Introduction

SARS-CoV-2 infection is associated with a hyperinflammatory state that contributes to disease severity and increased mortality rate1. Several studies have shown that the IL-1–IL-6 axis plays a pivotal role in the Covid-19-related hyperinflammatory reaction2,3, laying the rationale for using agents that suppress their release and/or action as a therapeutic modality for patients with severe Covid-19.

Several large randomized controlled trials evaluated the use of baricitinib (bar) as the leading JAK-inhibitor agent under research4,5,6. The RECOVERY meta-analysis found a 20% reduction in mortality among hospitalized patients receiving bar compared to control4.

Tocilizumab (toc) is a monoclonal antibody that inhibits binding of the proinflammatory cytokine IL-6 to its receptor. In a meta-analysis of over 10,000 patients hospitalized with Covid-19, it has been demonstrated that the addition of toc was associated with a 17% reduction in mortality7.

Data is evolving on the clinical outcomes of Covid-19 in immunocompromised patients. Analyses have found a higher risk of hospitalization or death from Covid-19 in those with a variety of conditions causing immunosuppression, including hematological malignancies, solid organ transplant recipients and HIV8,9,10. Therefore, better therapeutic modalities for severe Covid-19, especially in this group of patients, is a priority.

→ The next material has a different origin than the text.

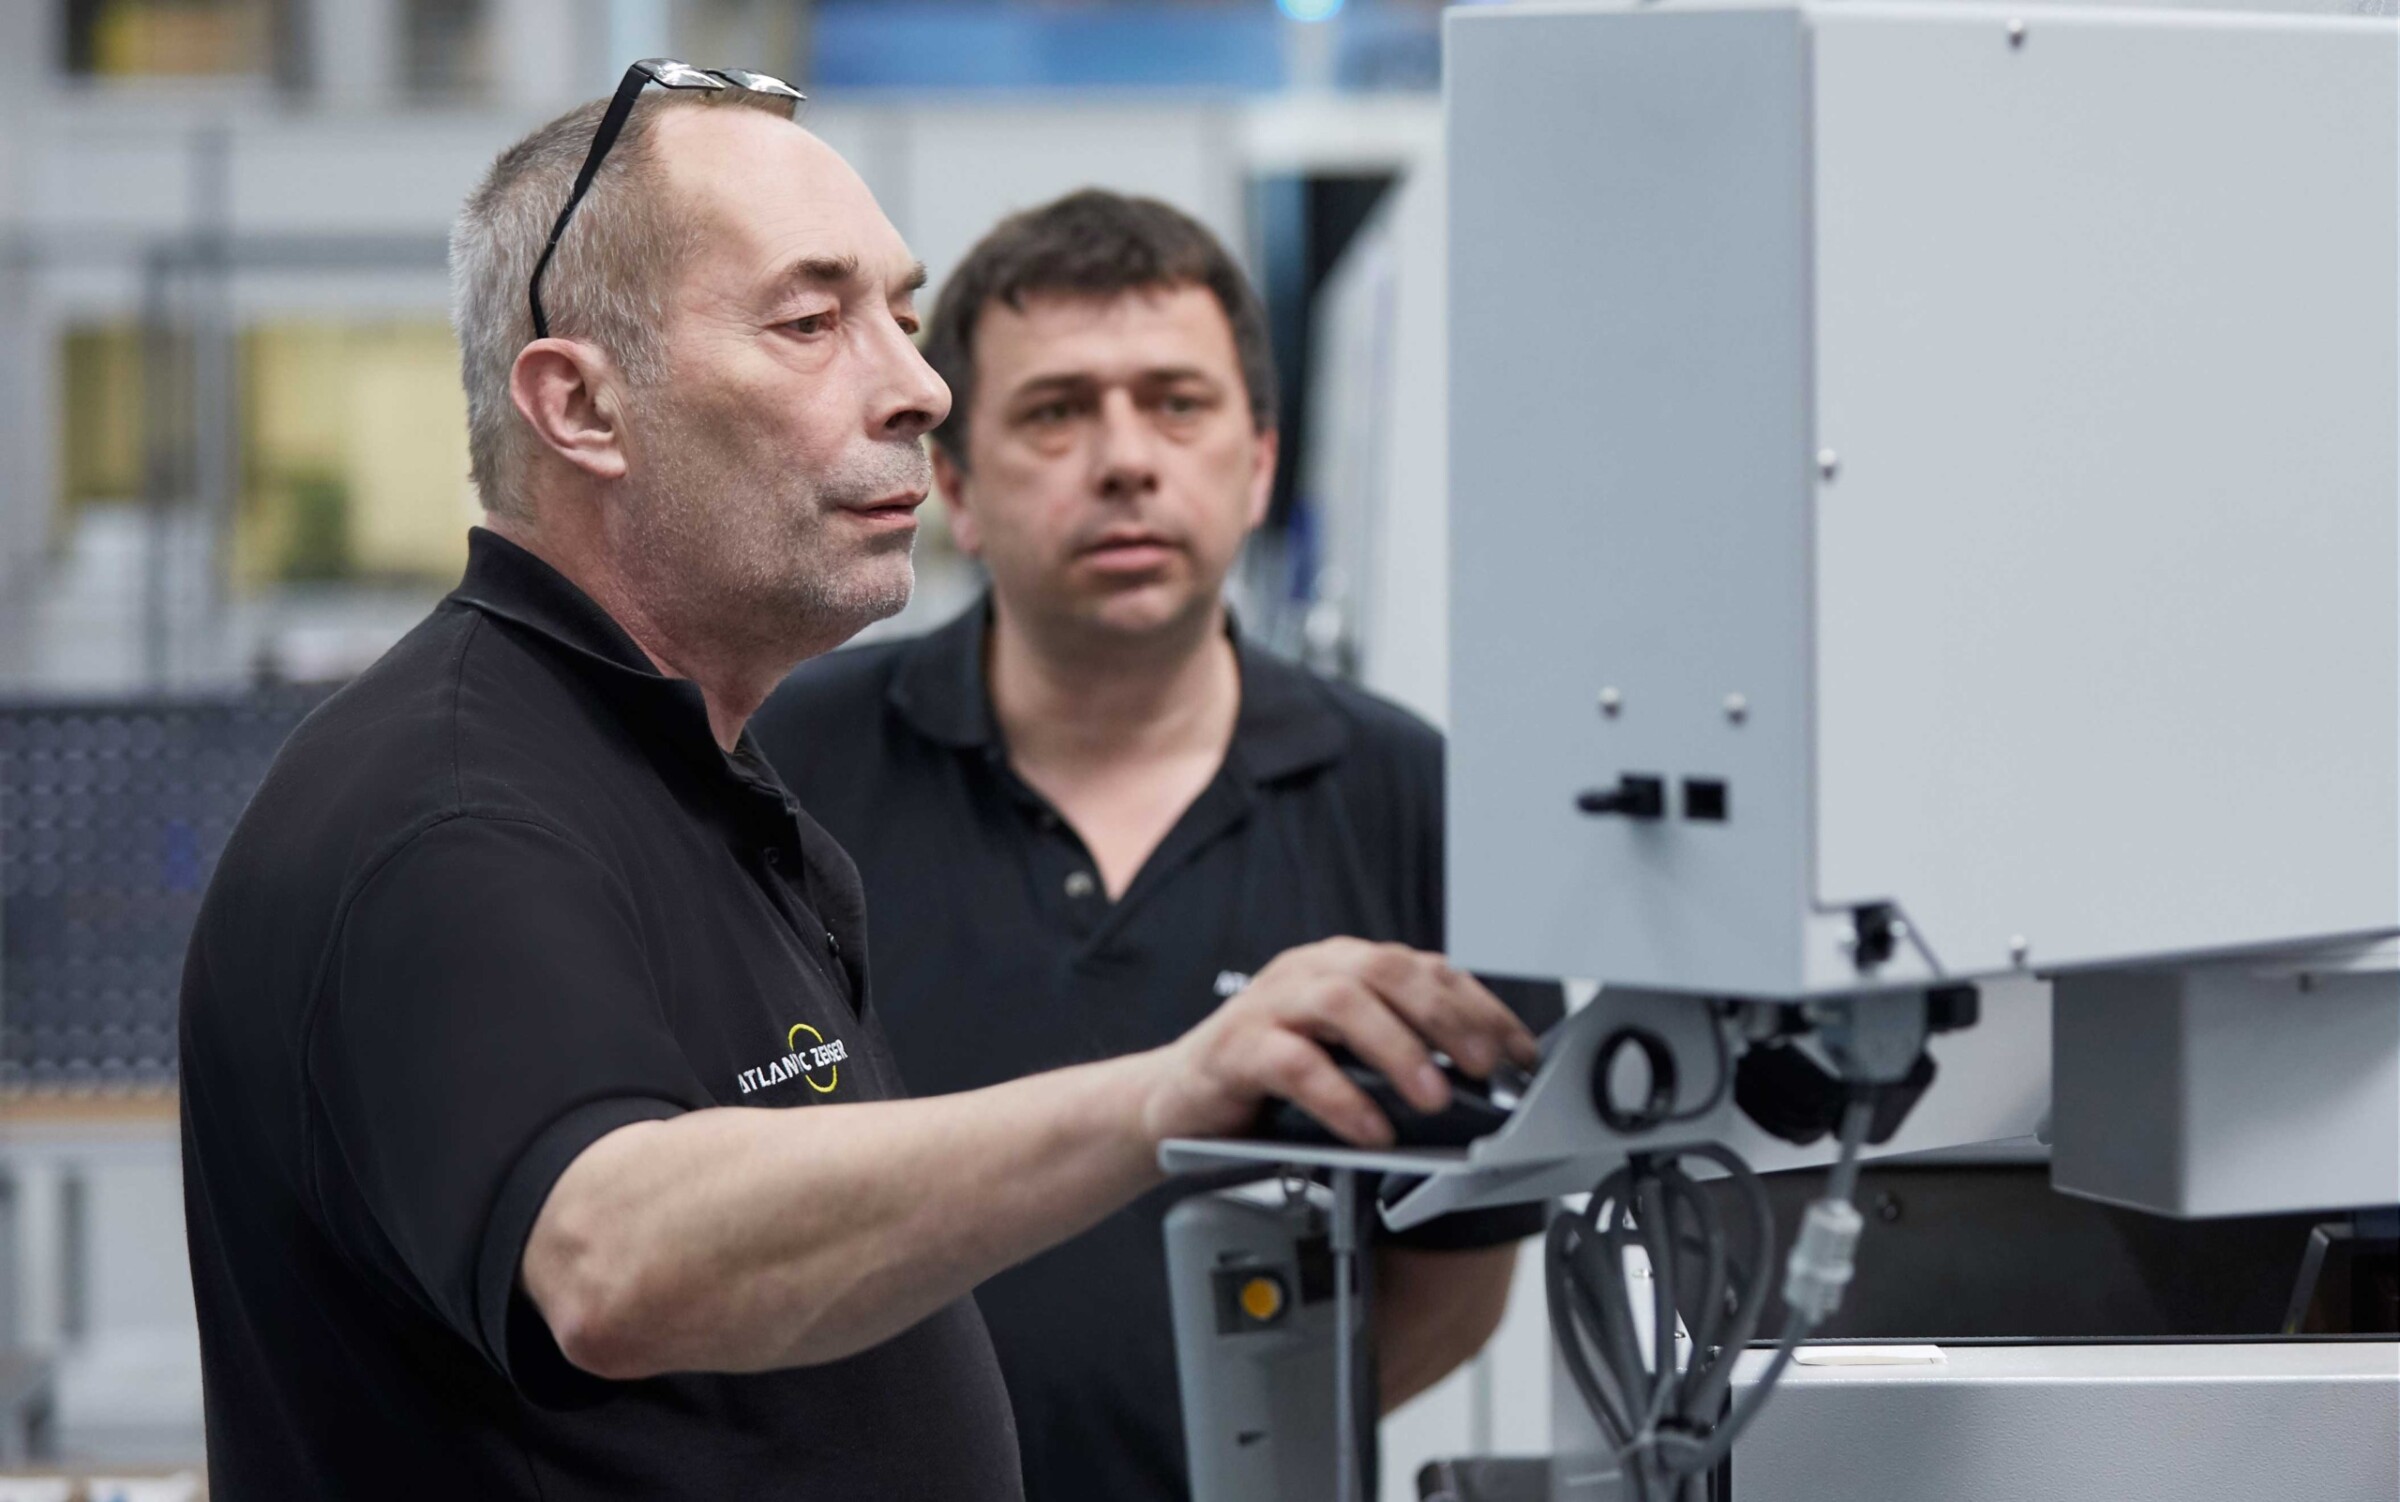 Impressed by the machine’s simple operation and programming are Kurt Rainer Oehlke and Jürgen ­Königsmann, wire-cutters at Atlantic Zeiser GmbH in Emmingen

Most Covid-19 treatment guidelines are structured according to disease severity, but not according to host factors including host immunity11. Accordingly, the use of bar/ toc in immunocompromised patients is largely based on expert opinion12,13 while guidelines omit specific recommendations for treatment in this patient population11,14. This is a consequence of a knowledge gap regarding the efficacy of immunomodulatory drugs in these patients, due to their underrepresentation or exclusion from previous trials. Moreover, the safety of further immune modulation in patients who are already immunocompromised is uncertain.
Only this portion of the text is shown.